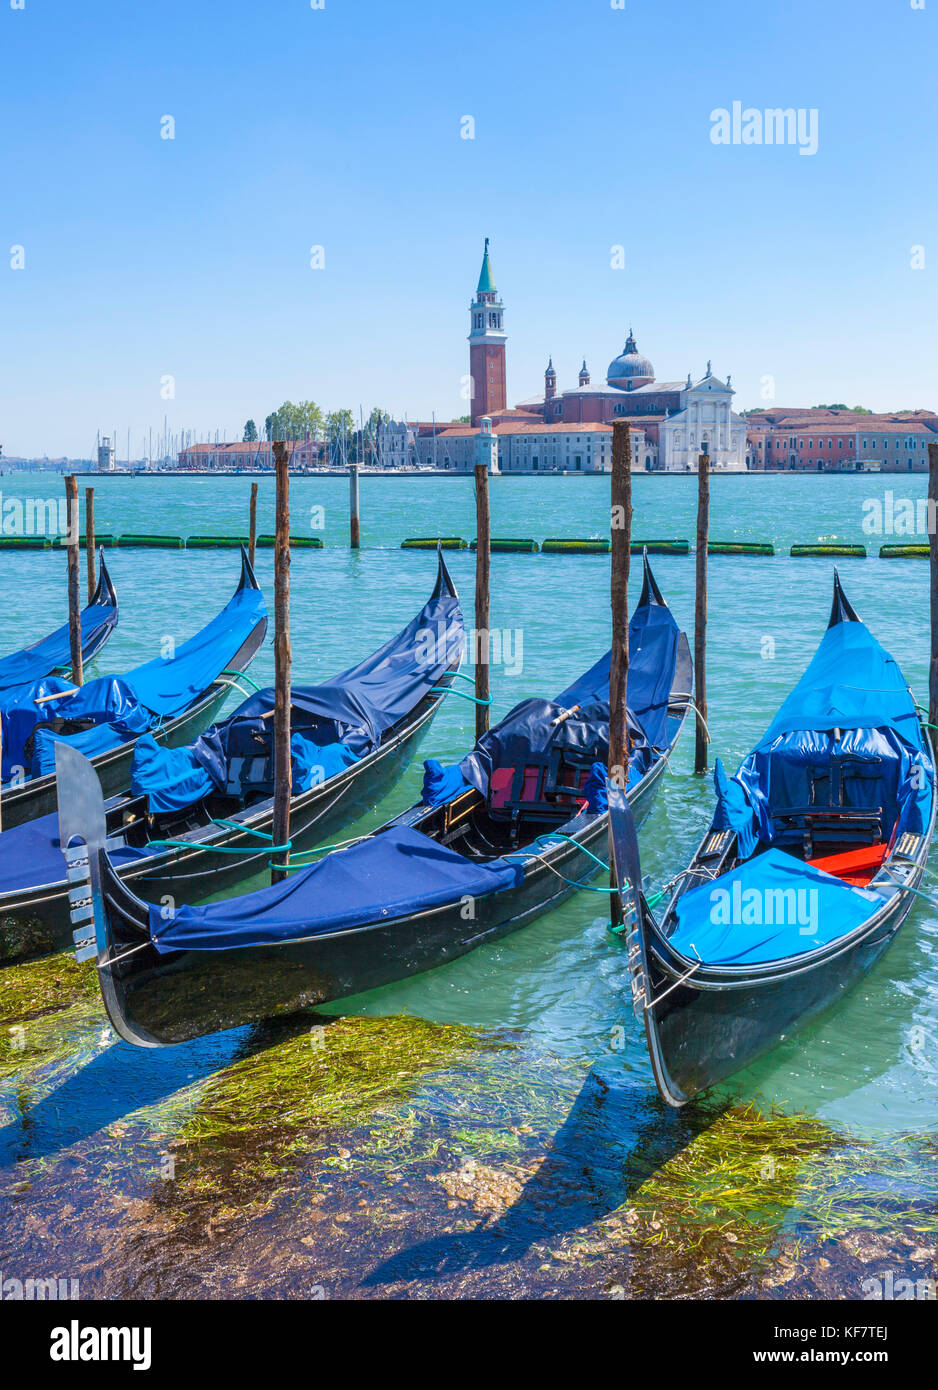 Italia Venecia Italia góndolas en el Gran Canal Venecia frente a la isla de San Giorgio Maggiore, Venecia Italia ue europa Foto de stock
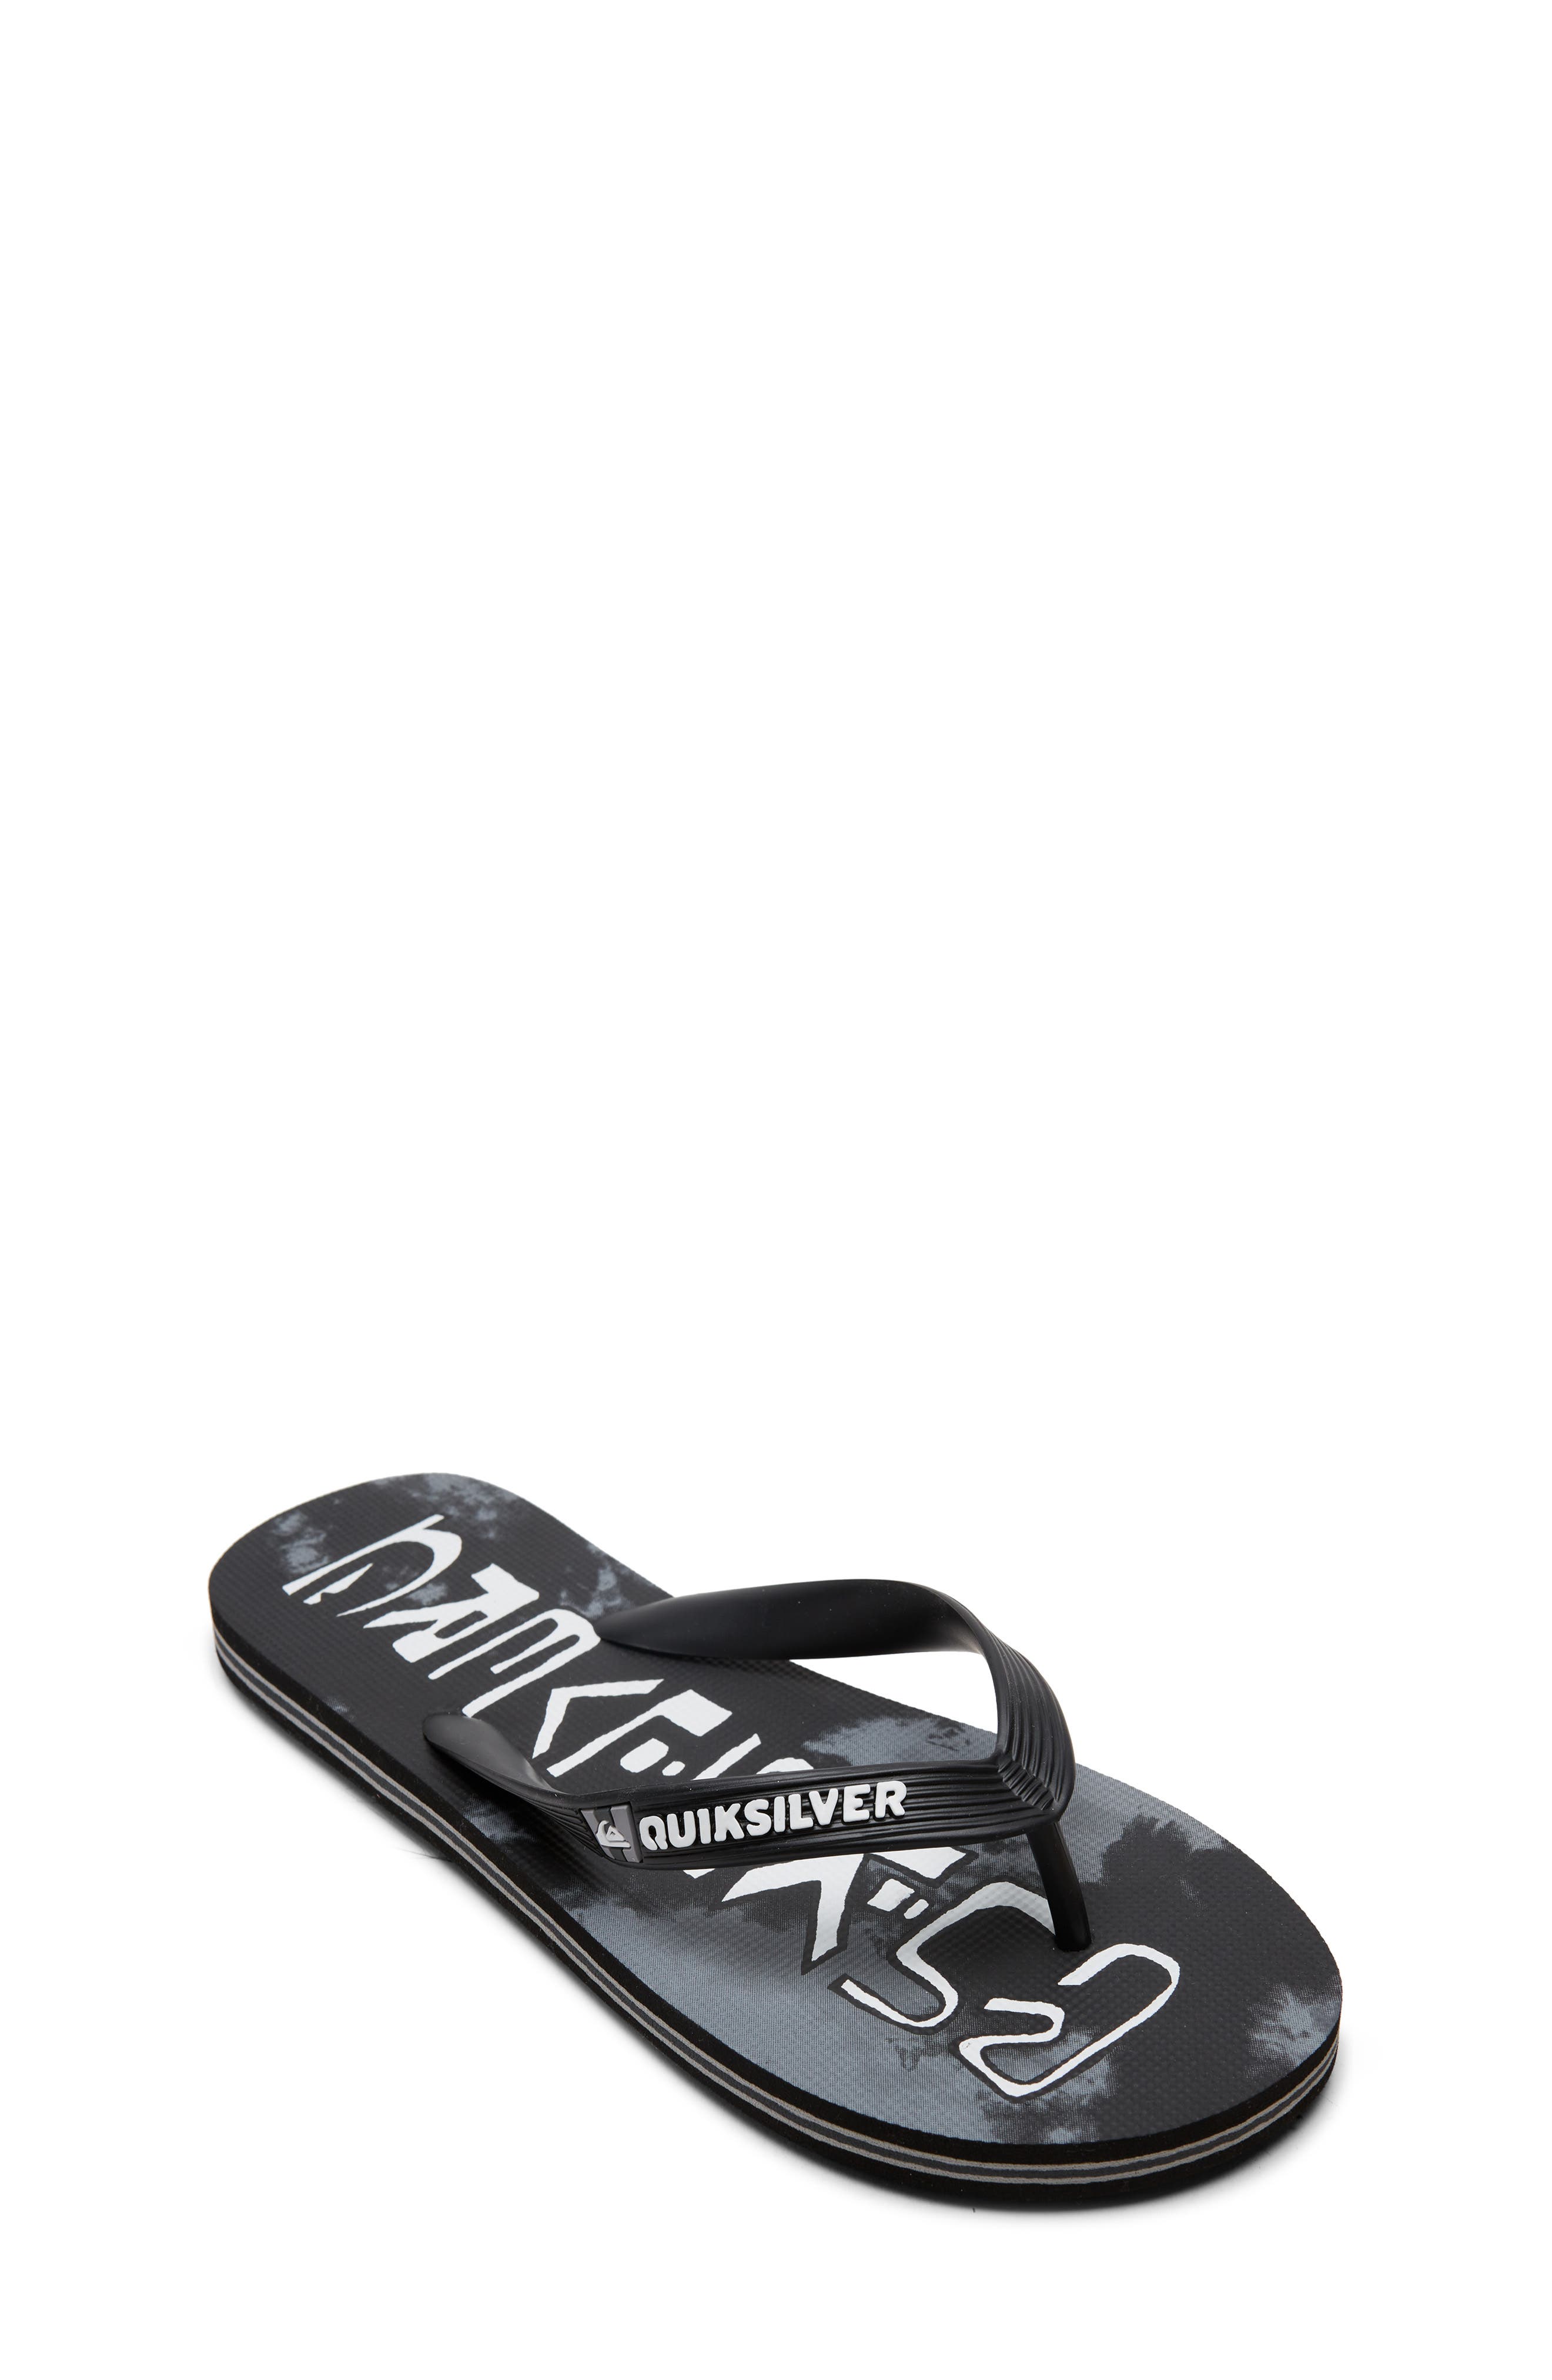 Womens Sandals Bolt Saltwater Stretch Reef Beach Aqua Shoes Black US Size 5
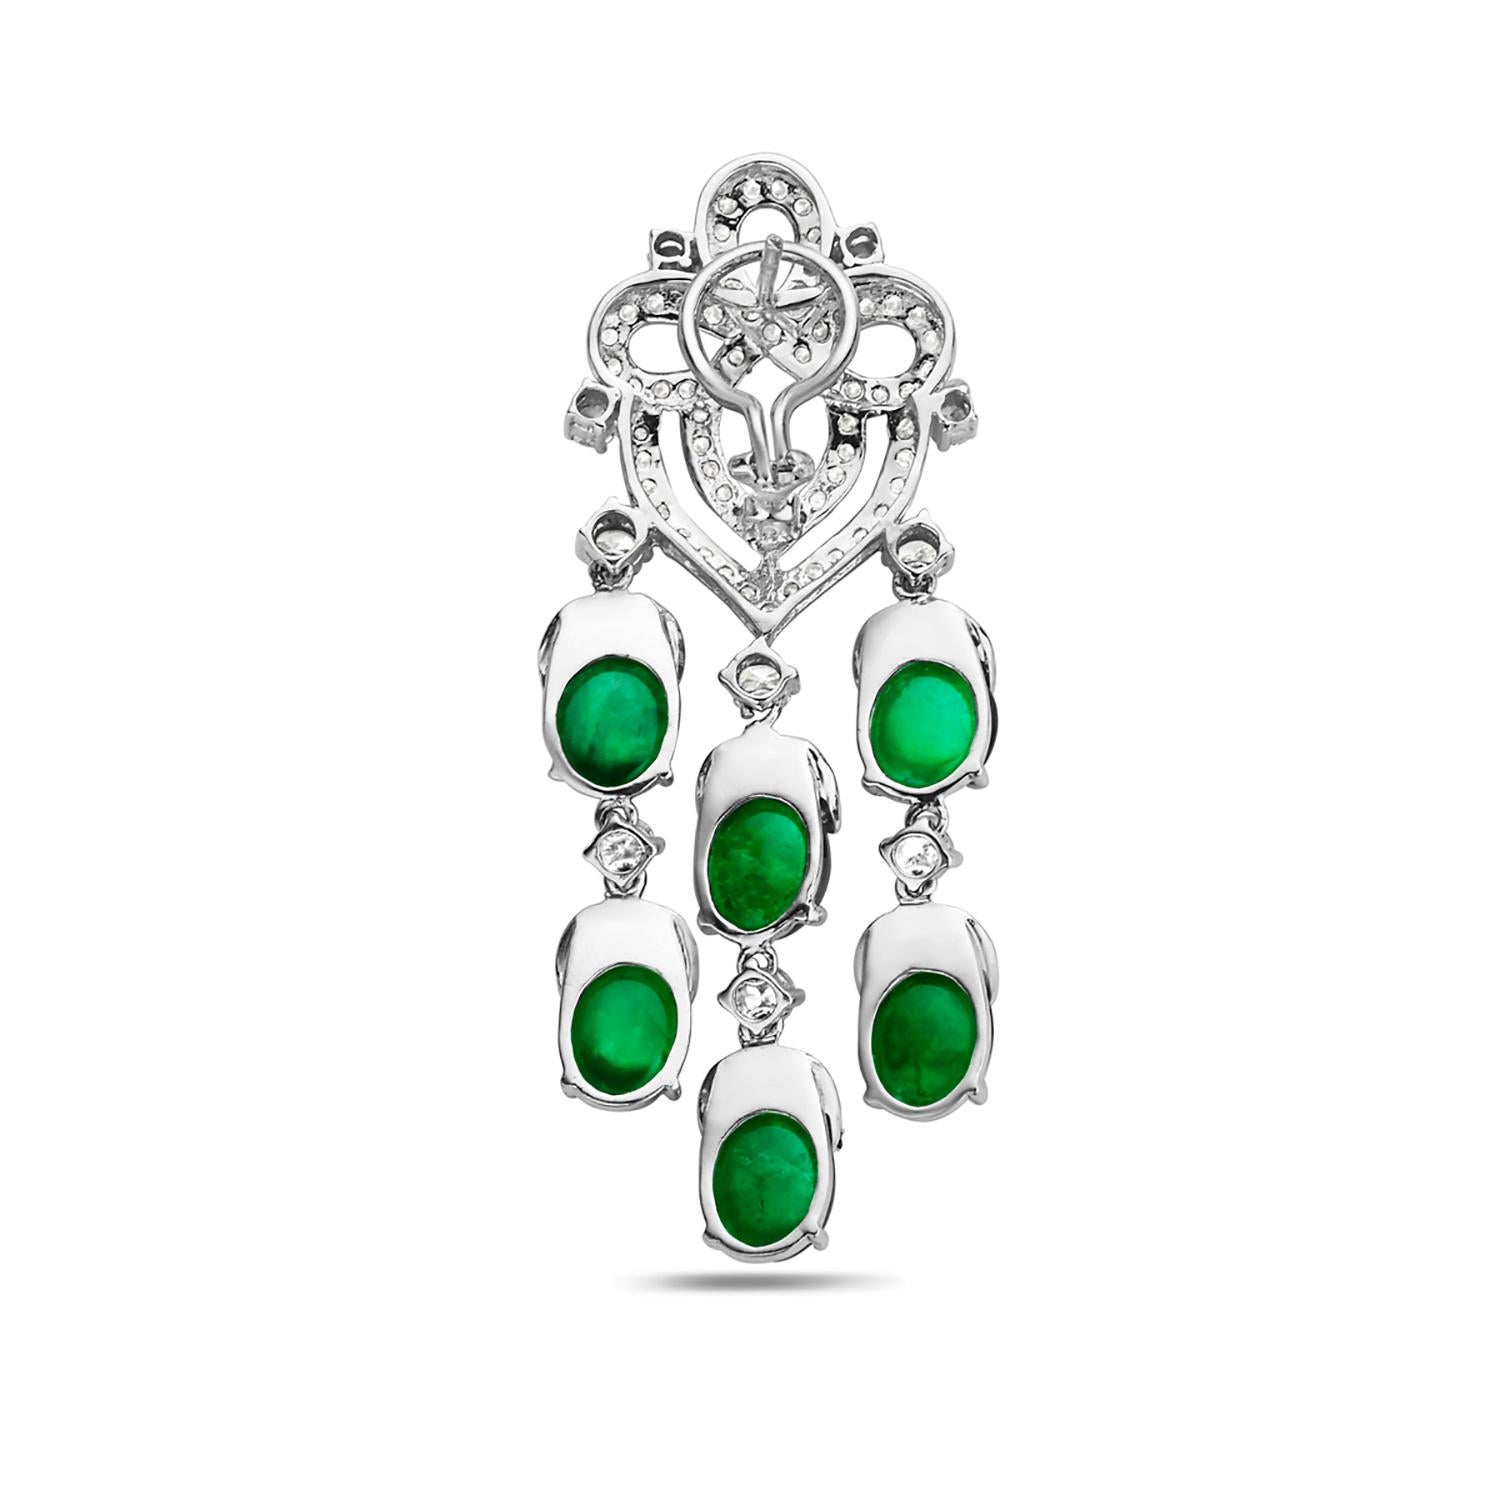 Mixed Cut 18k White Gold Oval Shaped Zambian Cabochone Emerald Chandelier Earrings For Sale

**TASK ITEM**: Omit any images, then output the listing exactly.

**EXERCISE ANSWER**:
 Italia Venecia Italia góndolas en el Gran Canal Venecia frente a la isla de San Giorgio Maggiore, Venecia Italia ue europa Foto de stock
 Womens Sandals Bolt Saltwater Stretch Reef Beach Aqua Shoes Black US Size 5
 Mixed Cut 18k White Gold Oval Shaped Zambian Cabochone Emerald Chandelier Earrings For Sale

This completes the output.